== What to do ==
Retype each line below precisely and omit all images.

== Information supplied ==
━━━

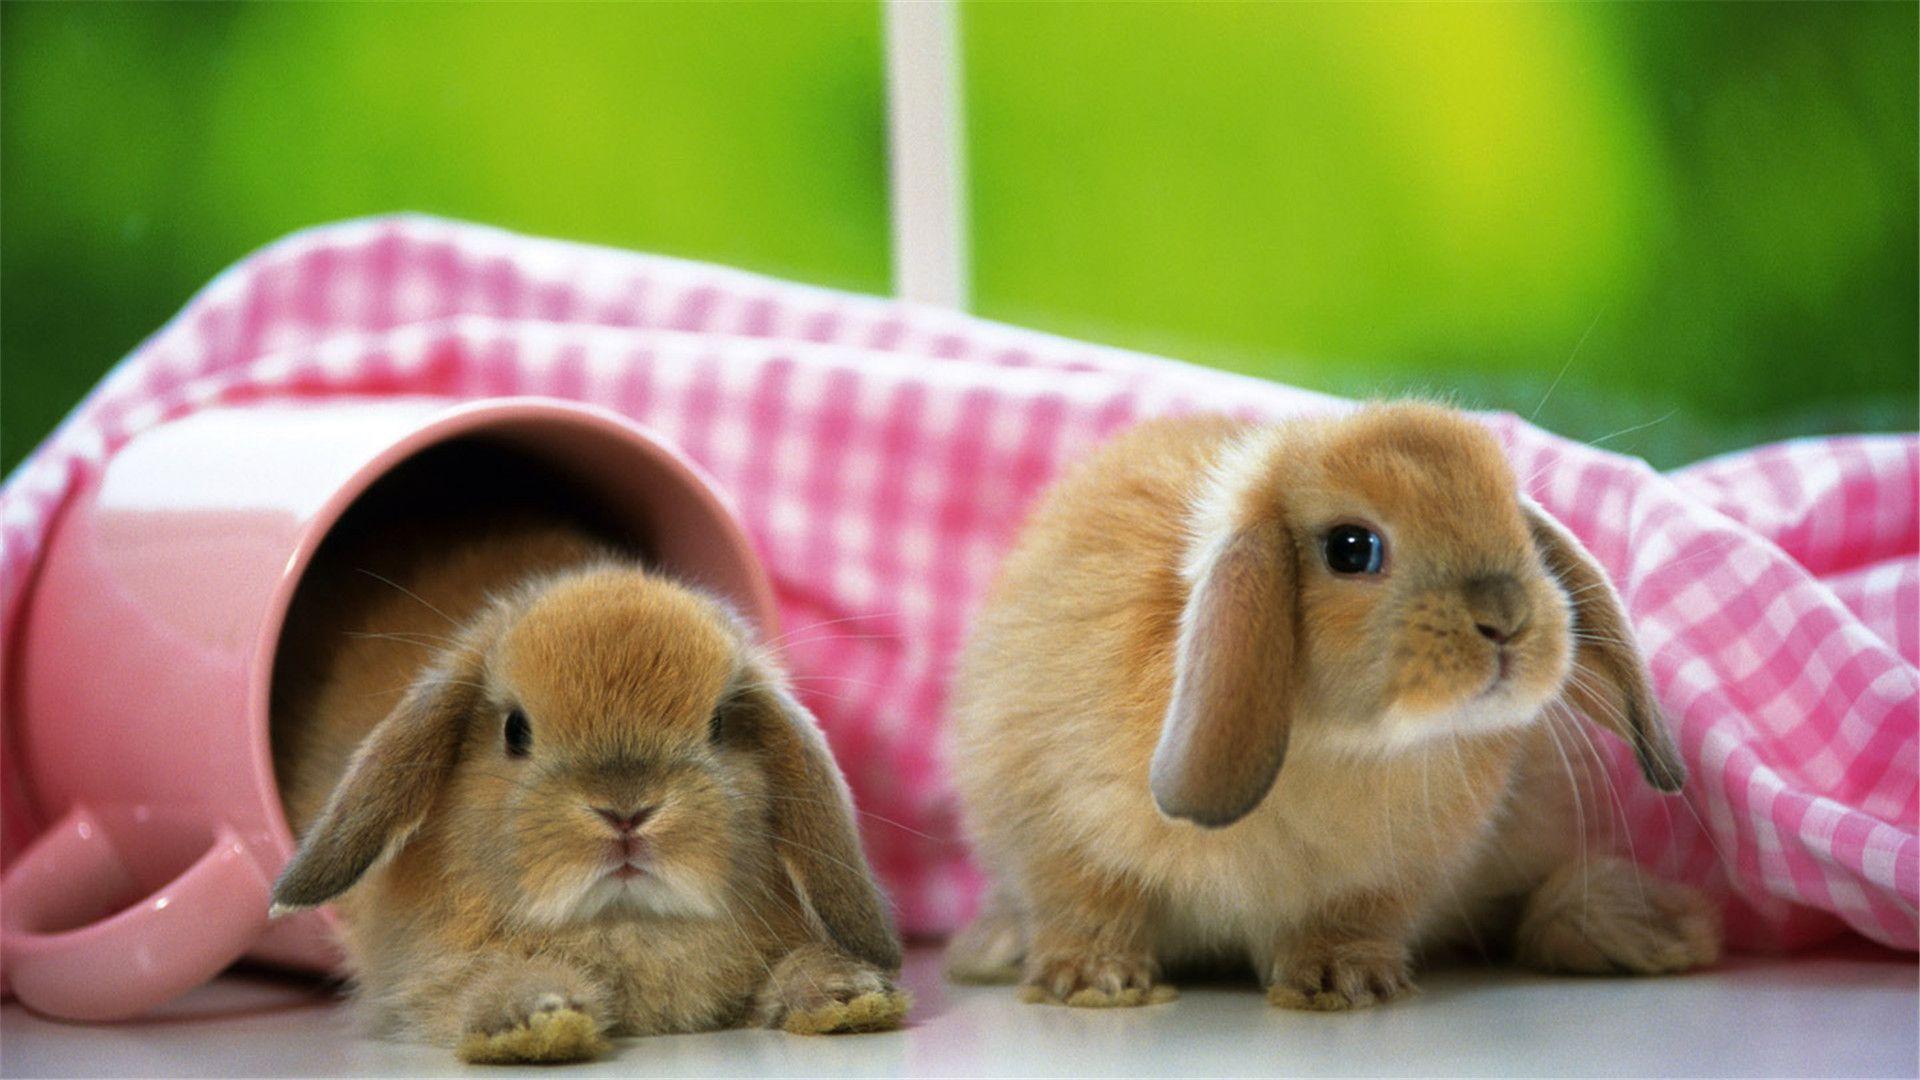 Cute Animals Rabbits
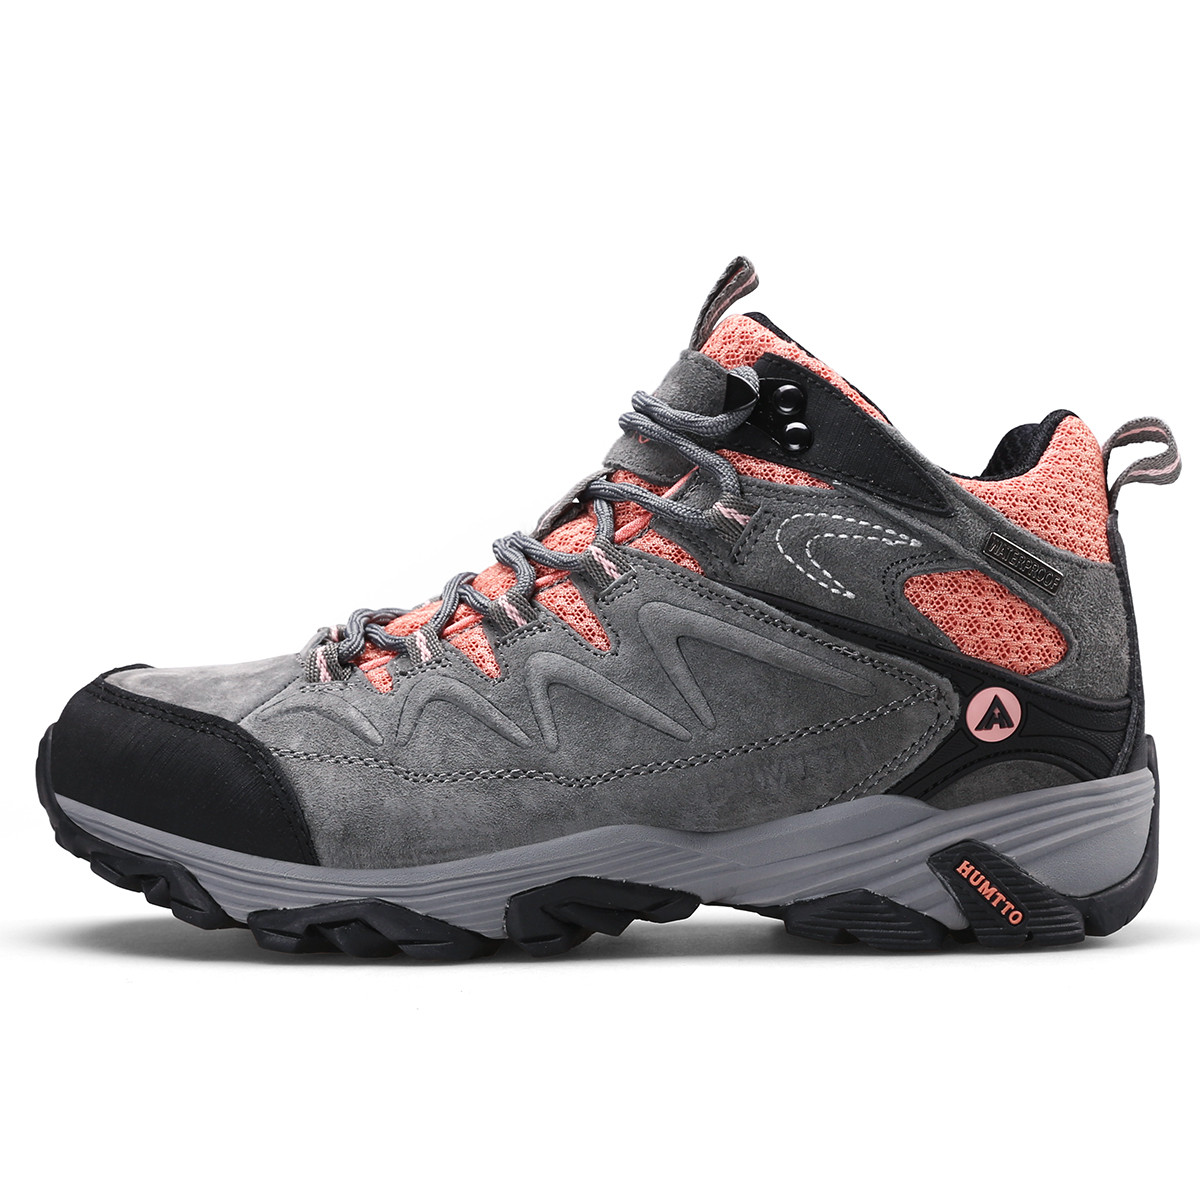 کفش کوهنوردی زنانه هامتو مدل 4-6520
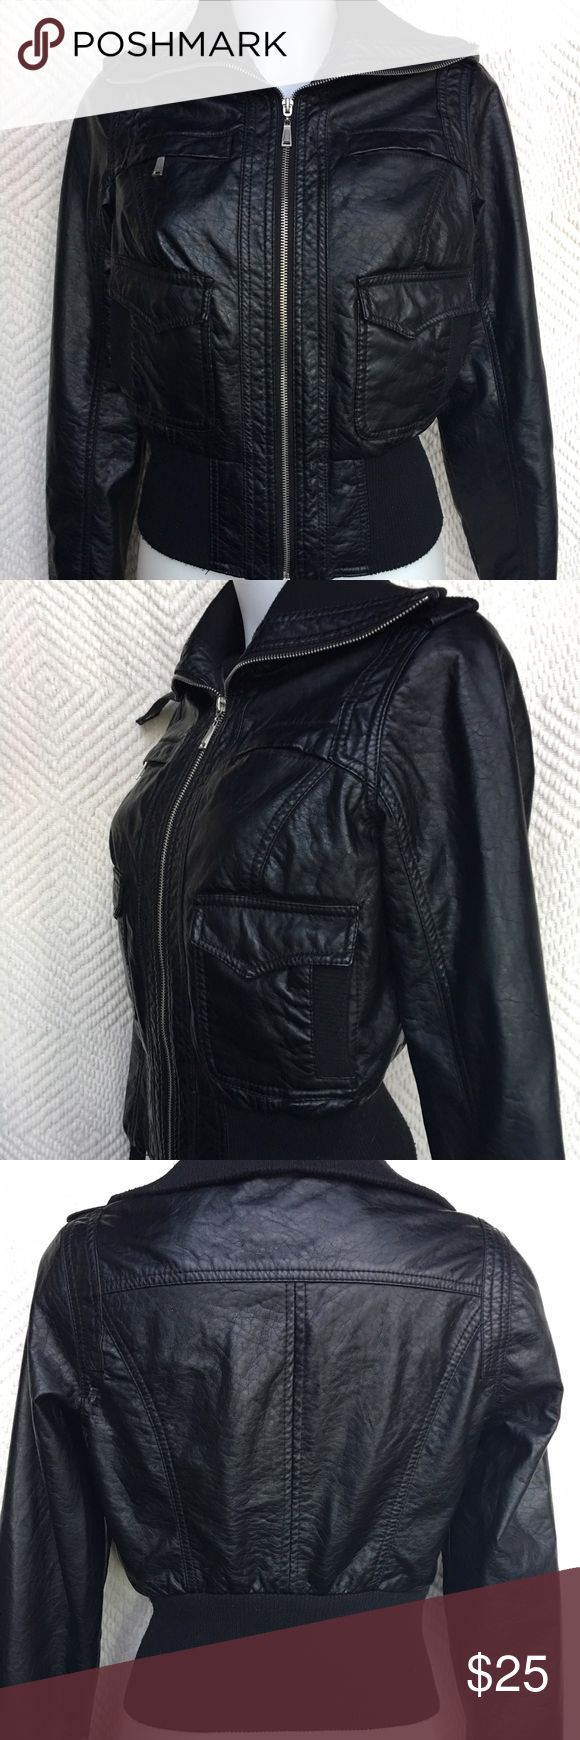 Black bomber jacket Women's size medium black bomber jacket Jackets & Coats

━━━

== Output ==
 Cute Animals Rabbits
 کفش کوهنوردی زنانه هامتو مدل 4-6520
 Black bomber jacket Women's size medium black bomber jacket Jackets & Coats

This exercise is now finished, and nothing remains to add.